Daunting as this may seem, and any loyalty initiative is not to be taken lightly, breaking down the tasks into key areas to address may help.
With loyalty, the devil is in the detail
Delivery
Plan exponentially, execute incrementally
A constant challenge for loyalty programme managers is proving the value from the programme, whether that is revenue attribution, ancillary sales, cross sell, etc., which are all addressable with a loyalty programme platform. At the same time launching a programme is cost heavy, not just on strategy, planning and technology, but also training, communicating, and marketing. In addition to these upfront CAPEX and OPEX costs often there is also a considerable cash flow impact, where loyalty points are involved as they get booked as a P&L cost when issued to the balance sheet as an asset, but only come off once redeemed or expired which then may take several years to achieve a dynamic equilibrium between ‘Earn’ and ‘Redeem’ volumes.
CFOs and indeed CEOs therefore might commit to a long-term loyalty strategy but the programme will be under pressure in the short term to show indicative results at least, the green shoots that show metrics moving in the right direction towards results.
Planning for these smaller incremental milestone achievements, not just in delivery but in tangible commercial results as quick wins or short-term proof points will help avoid the long-term strategy being blown of track, even if that means chasing some initial tactical wins at the expense of longer-term capability development from the outset.
As with all aspects we have shared this is a fine balance to achieve and will always be relative to the specific nature of your business, stakeholders, and market opportunities. We can only share the frameworks and areas for consideration as generic, the template will be completed differently for each and every client that needs our help in planning and delivering their loyalty strategy and success.
Plan exponentially.
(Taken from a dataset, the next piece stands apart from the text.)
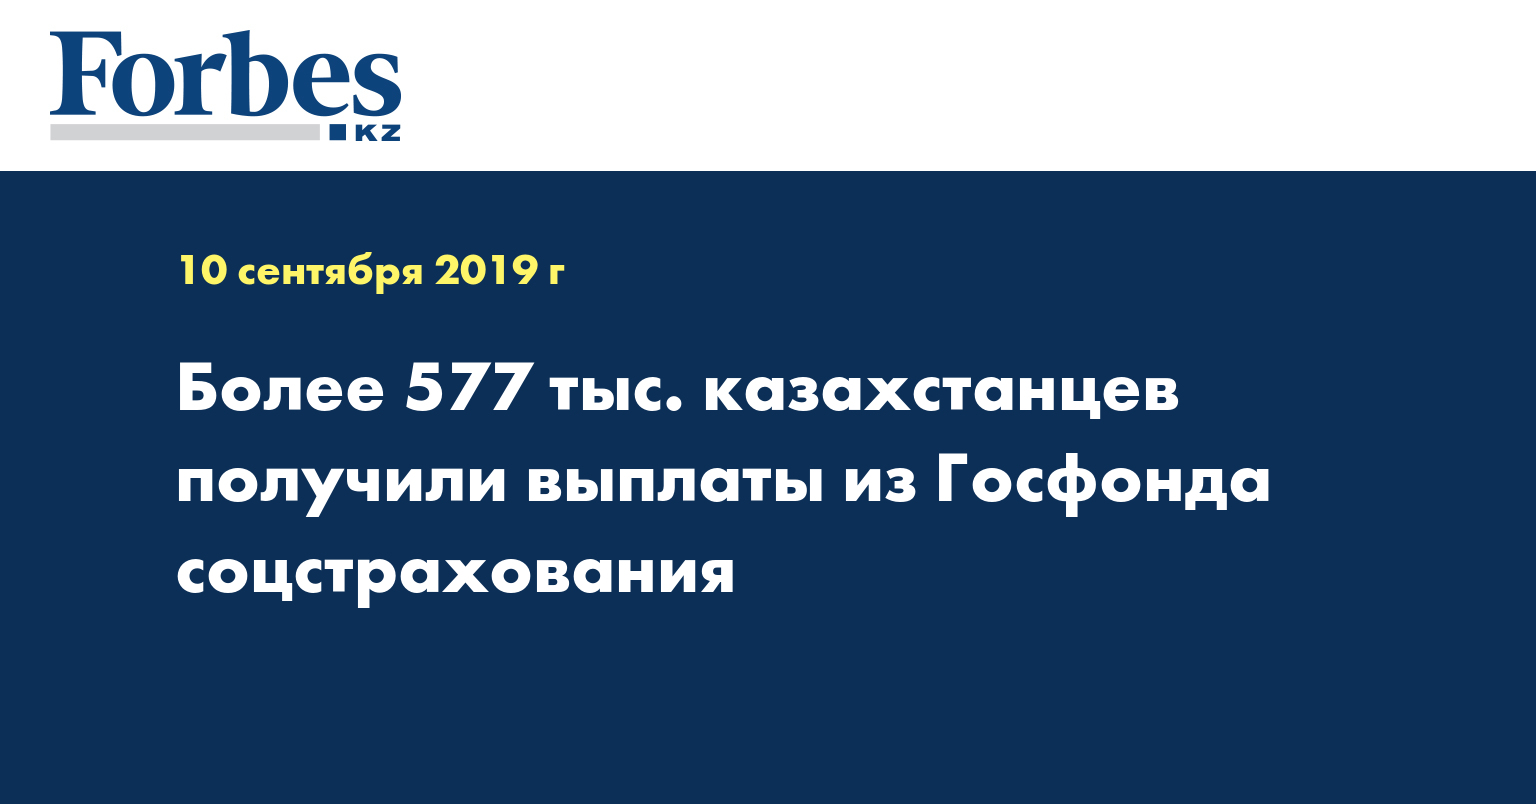 Более 577 тыс. казахстанцев получили выплаты из Госфонда соцстрахования

Execute incrementally.
Empowering your people to deliver
At a flick of a switch a backend system can be cut over to a new operating model, and marketing and advertising can launch new campaigns, customer-facing apps and websites. However, achieving a change in customer experience across tens of thousands of front-line staff is an entirely different prospect, needing a human-based not technical project management approach to change.
Loyalty programmes can mean a whole new level of service – and a completely different way of thinking, especially for frontline staff, who will be given a new platform for engaging and communicating with customers. Whether asking for membership cards at the till, or using membership data to identify customers from the moment they come onto your premises, you’re adding a new facet to their job and if they’re not bought into the reasons for change, the process, the technology and the importance to customers, and the business then it is likely the programme will fail to deliver in its most important interface customer interface, your people.
But it’s not just frontline staff who will be affected, all employees will need to be taught to think differently when the programme is in place. For example, back or head office staff could be sitting on pockets of customer information, selling distressed inventory on the open market that could be offered to valuable customers as a benefit, or operational opportunities to use customer data to prioritise service or service recovery when things go wrong.
Achieving this type of change needs management by the experts, to identify the audiences, understand the impacts, communicate the need for change, train people in the new processes and manage and monitor the outcomes deploying retraining and refreshers as needed to course correct.
That is assuming of course you have the right resources needed for loyalty in the first place. Typically, one area that is overlooked is the impact on customer services. We have seen that launching a programme can bring a 4% increase in contact rate as customers start to query balances, benefits and rewards etc. So, the number of resources, skills, training, tools across all aspects of programme delivery needs a considered and effective plan.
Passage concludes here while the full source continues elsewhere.